2. Switching to newer FreeTypes.

I don't think committing all test images to the main repo is really a
viable option: FreeType is also making new releases every once in a while
and different Linuxes have different versions (
https://pkgs.org/download/freetype gives 2.8.1 (Arch, Debian Sid), 2.8
(Fedora 27, Ubuntu 17.10), 2.6.3 (Debian 9, OpenSUSE 42.3), 2.6.1 (Ubuntu
16.04 LTS) and that's only a few).

I do believe that adding tooling that generates the test images to a side
repo for each tag + FreeType version (say, using the FT versions of the
major distros at the time of the tag) may be reasonable.

3. Side note.

If #9763 (or #5414) gets accepted (new FT wrappers), they will also
require a new generation of the test images: ft2font currently generates
"wiggly baselines" in certain cases (see example in #5414), and try as I
might (i.e. not so much) I could not reproduce them in the new wrapper :slight_smile:

Antony

2017-12-10 21:44 GMT-08:00 Elliott Sales de Andrade <
quantum.analyst at gmail.com>:

Hi all,

Downstream in Fedora (and maybe Debian), they are running into issues
with testing and text. Fedora 26 has FreeType 2.7.1 and Fedora 27 & Rawhide
has FreeType 2.8. Fedora 25 uses 2.6.5, but it will be EOL in the next
week. Many other distros are also transitioning to these newer FreeType as
well [1] and I think anaconda recently added 2.8 too.

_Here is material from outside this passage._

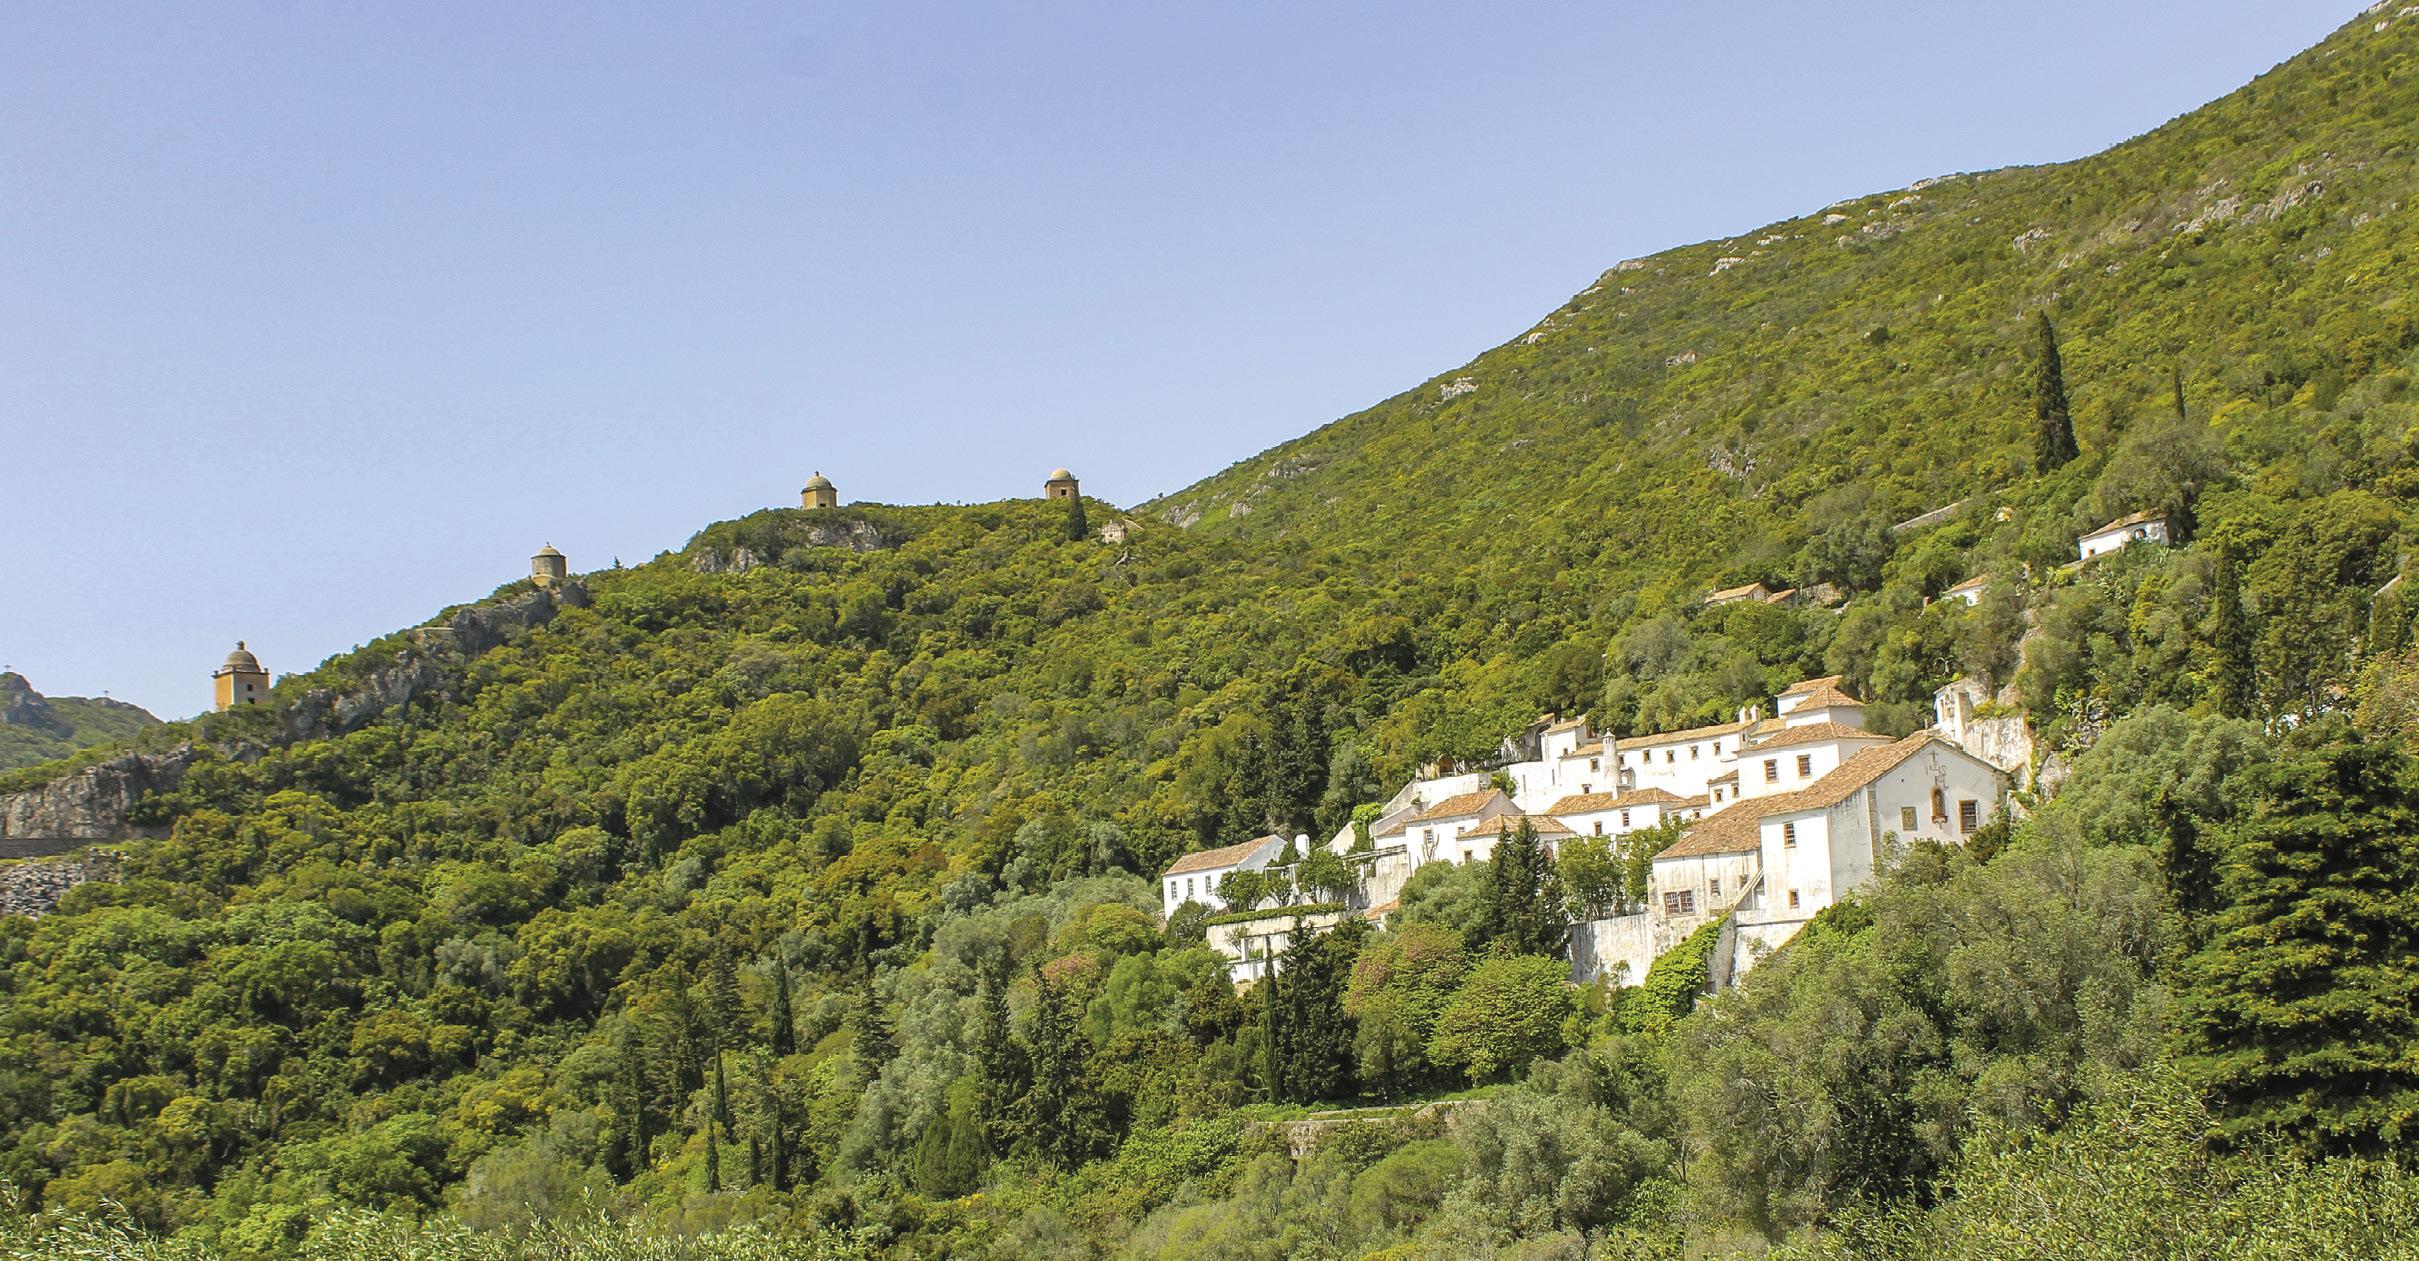 Serra da Arrábida e Convento da Arrábida

With 2.7.1, a few tests fail (rms < 1) and it is straightforward to patch
that [2]. With 2.8 though, over 800 tests fail [3] ranging up to ~80 rms
[4]. This is a bit harder to paper over.

I see a few ways to mitigate the problem, with varying
advantages/disadvantages:

1. Bundle the older version in the Matplotlib package like we do with
tests. I don't really believe this to be a viable option for downstream,
but I'm just mentioning it to be thorough. There are already a few (minor)
security issues in the one we test against.
2. Inject older FreeType just to run tests on the package. Again I don't
like this idea. The point of running tests is to be sure that the version
in a distro works *in that distro*. Testing with something a user could
never install seems useless.
3. Re-create all our current and future test images with 2.8. While this
is most future-proof, adding over 800 images is going to bloat the repo
quite a bit.
4. Create some sort of side repo with test images for other FreeType
releases. This would reduce bloat in the main repo but be somewhat more
work. Thus I'd only suggest doing so for tags.

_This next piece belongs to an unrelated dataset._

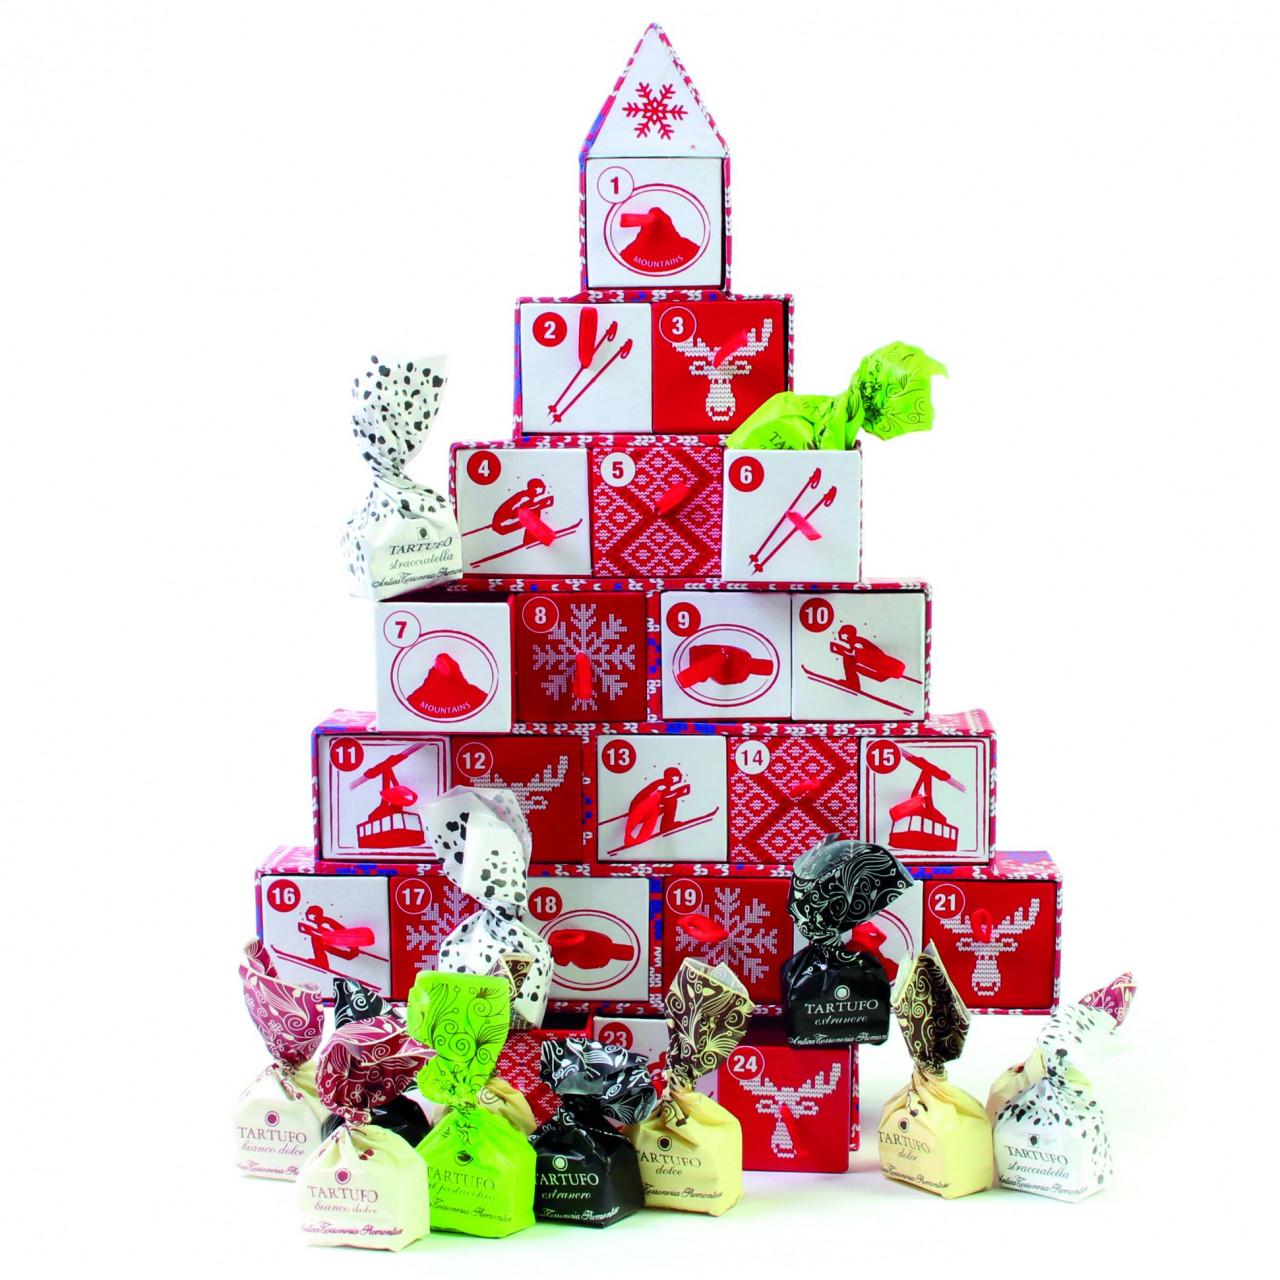 adventskalender_roterbaum_schubladen -  - Chocolats-De-Luxe

I dislike the first two options as they would be repetitive across
distros (unless they just stopped testing altogether), but the last two are
not without work for us.

Opinions? Alternative ideas?

[1] https://repology.org/metapackage/freetype/versions
[2]
https://github.com/QuLogic/matplotlib/commit/cfdc835923407810bd087f60332cdc8cdcb23f05
[3]
https://kojipkgs.fedoraproject.org//work/tasks/3137/23623137/build.log
[4] https://gist.github.com/QuLogic/477055a847a44cd444a0932432acffd1

--
Elliott

_______________________________________________
Matplotlib-devel mailing list
Matplotlib-devel at python.org
https://mail.python.org/mailman/listinfo/matplotlib-devel

_______________________________________________
Matplotlib-devel mailing list
Matplotlib-devel at python.org
https://mail.python.org/mailman/listinfo/matplotlib-devel

-------------- next part --------------
An HTML attachment was scrubbed...
URL: <http://mail.python.org/pipermail/matplotlib-devel/attachments/20171211/e1467f53/attachment-0001.html>

Debian is also interested in this duscyssuib, we have a local patch to
increase the RMS of several tests, but i agree with Elliot the number
of failing tests is getting bigger and bigger and just bumping the
threshold is not always the best way (as we risk to make the testsuite
pass just to not feel bad, without actually spotting real issues).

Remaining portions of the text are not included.